Something bigger than that was going on with Matilda. Every time she lost something she thought she could not live without, she found out she could. First there was a painful void that lasted an hour, a day, a week. Then something new moved in to fill the empty place: a fresh series of paintings, a new friend, a deeper sense of the presence of God. "He is calling me," she wrote on her slate one day, "like a bridegroom calling his bride."
Her resurrection began before she died, and everyone around her saw it. When she set her cup down it was empty. There was nothing wasted, nothing left over to spill or lament. She died clean as a whistle, and several of the people who sat by her bed that day say their fear of death died with her. Having watched her do it, they believe they can do it too.
Lord (Taylor prays in conclusion), I believe, but help thou my unbelief, because I still do not want to die.
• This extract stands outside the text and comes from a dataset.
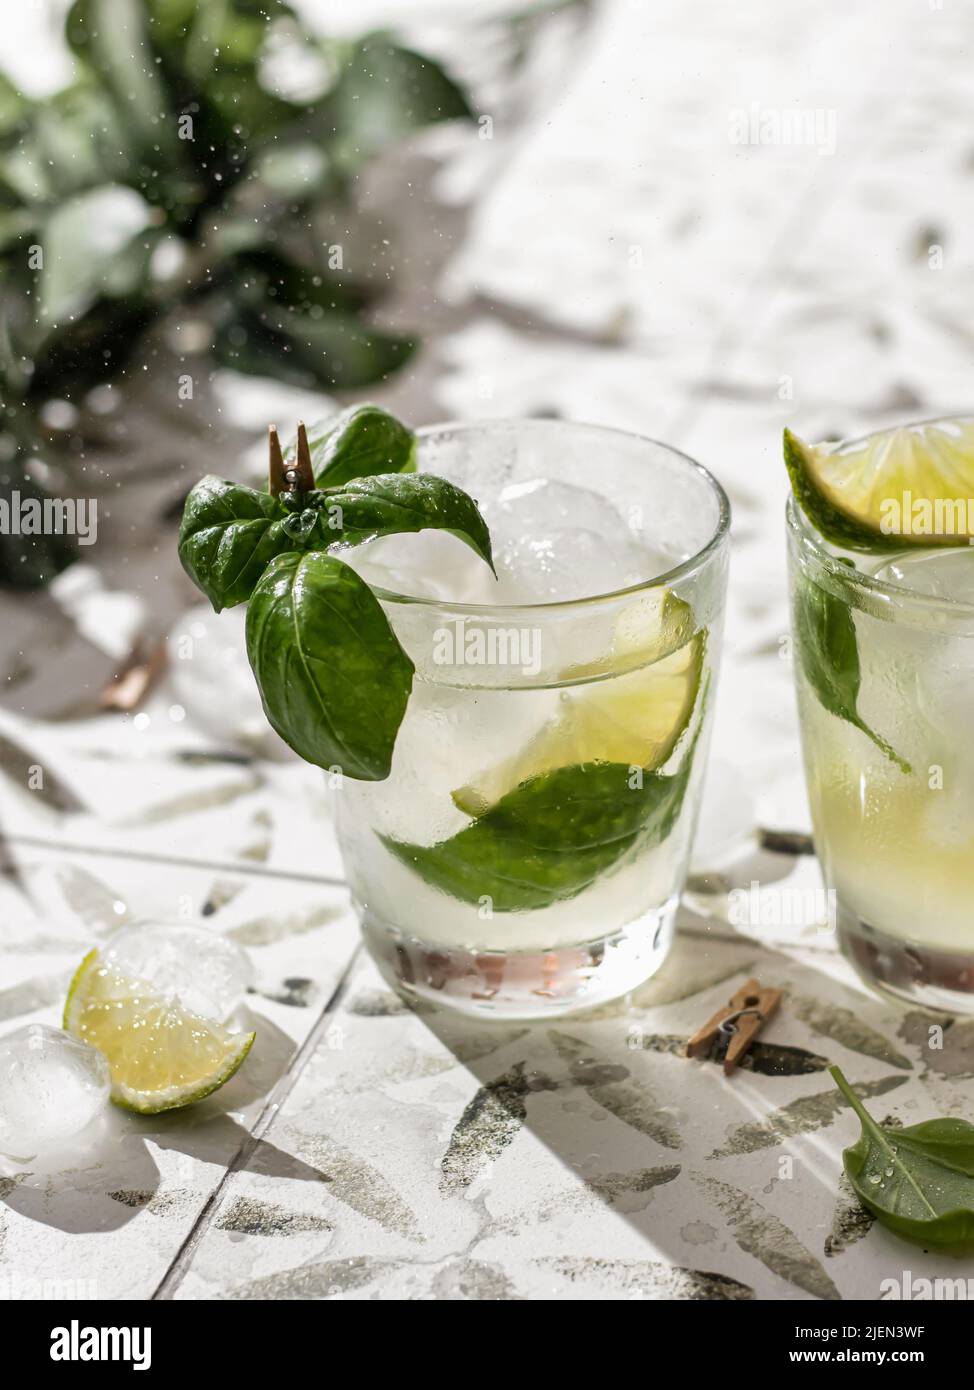 Deux cocktails d'été avec citron vert et basilic dans des verres gros plan sur carreaux blancs imprimés. Orientation verticale Banque D'Images

I believe Jesus has power to raise the dead, only I do not want him practicing on me. I want a God who will cut my losses and cushion my failures, a God who will grant me a life free from pain. I want a God who will rescue me from death, who will delete it from the human experience and find another way to operate.
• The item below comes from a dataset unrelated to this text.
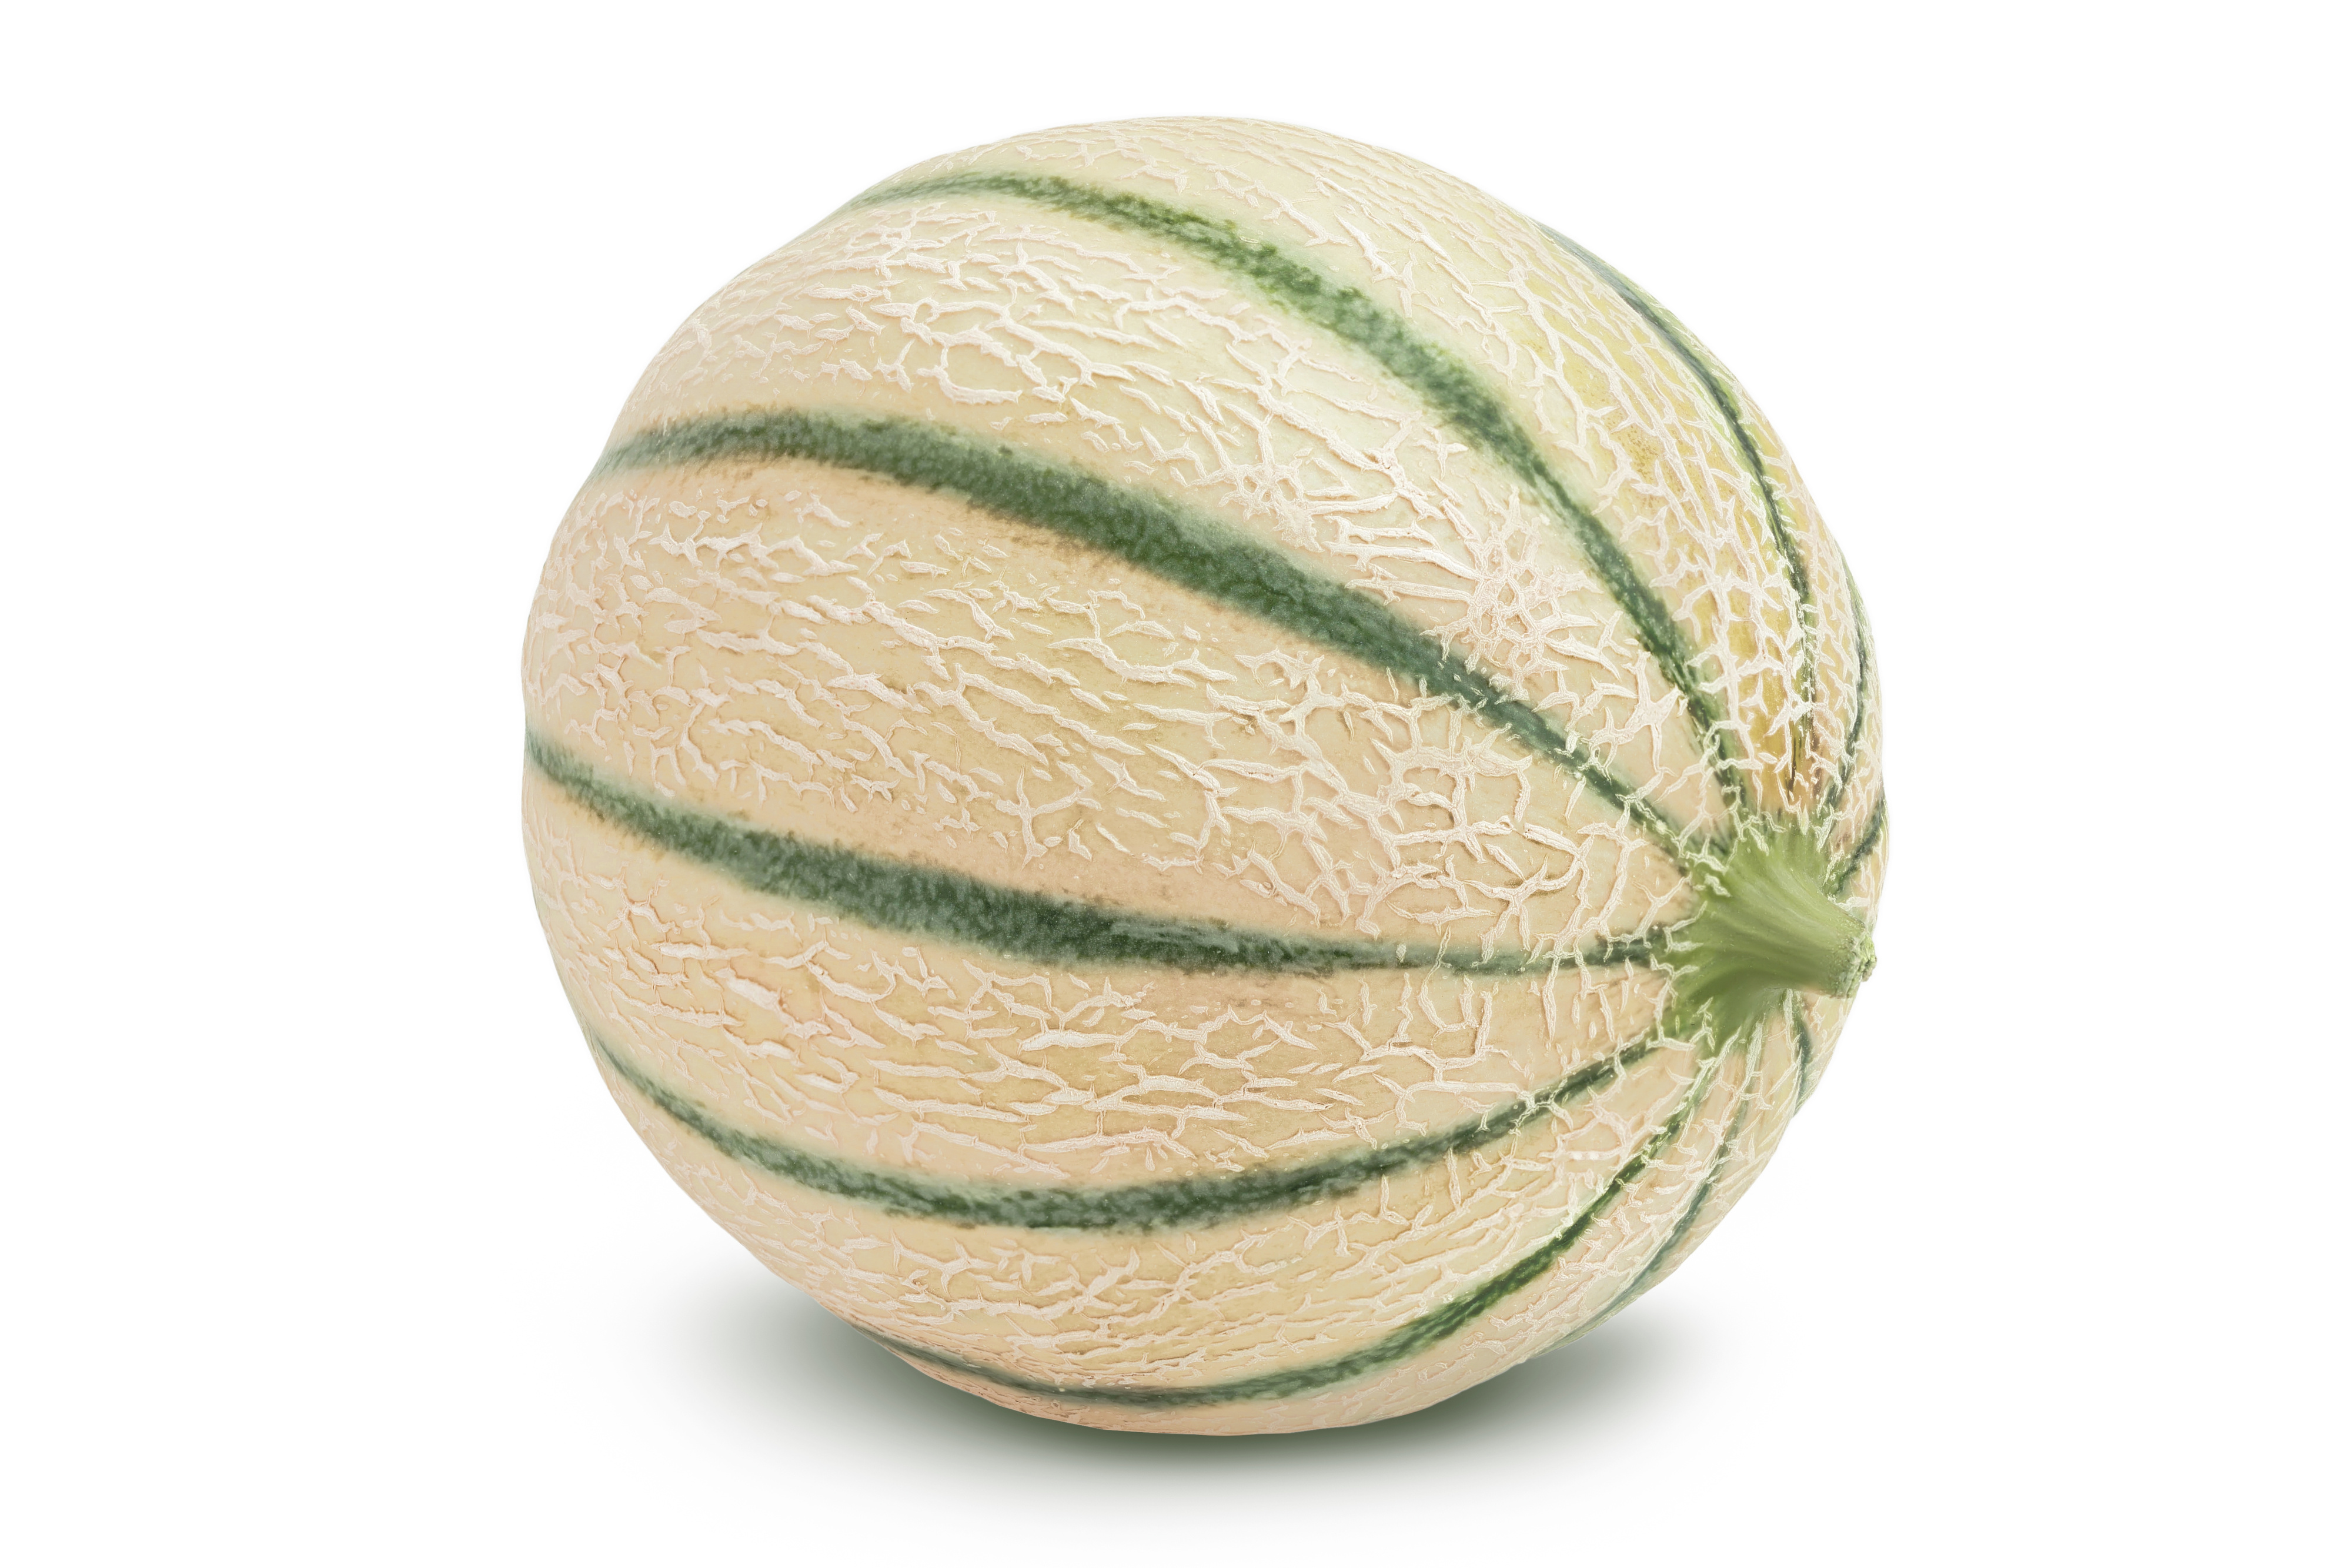 Melon Cantaloupe grön c700g-800g/per Styck. Pris på Styck- Brasilien

What we have instead, however,
is a God who resurrects us from the dead, putting an end to it by working through it instead of around it—creating life in the midst of grief, creating well-being in the midst of infirmity, love in the midst of loss, and faith in the midst of despair—resurrecting us from our big and little deaths" giving us to each other in the church for daily mutual knowledge and mutual liberation, and "showing us by his own example that the only road to Easter morning runs smack through Good Friday."
Good Friday, you say? The "only road to Easter goes through Good Friday"? Yes, and Maundy Thursday too. Those solemn and dramatic days lie ahead of us, beckoning. They lie ahead of us full of mystery and gifts. And we are all invited to travel through them with Jesus—oh, yes, and with the church too, if you want to, if you can, at 8 p.m. right here, on the 24th and 25th of this very month, before the trumpets sound.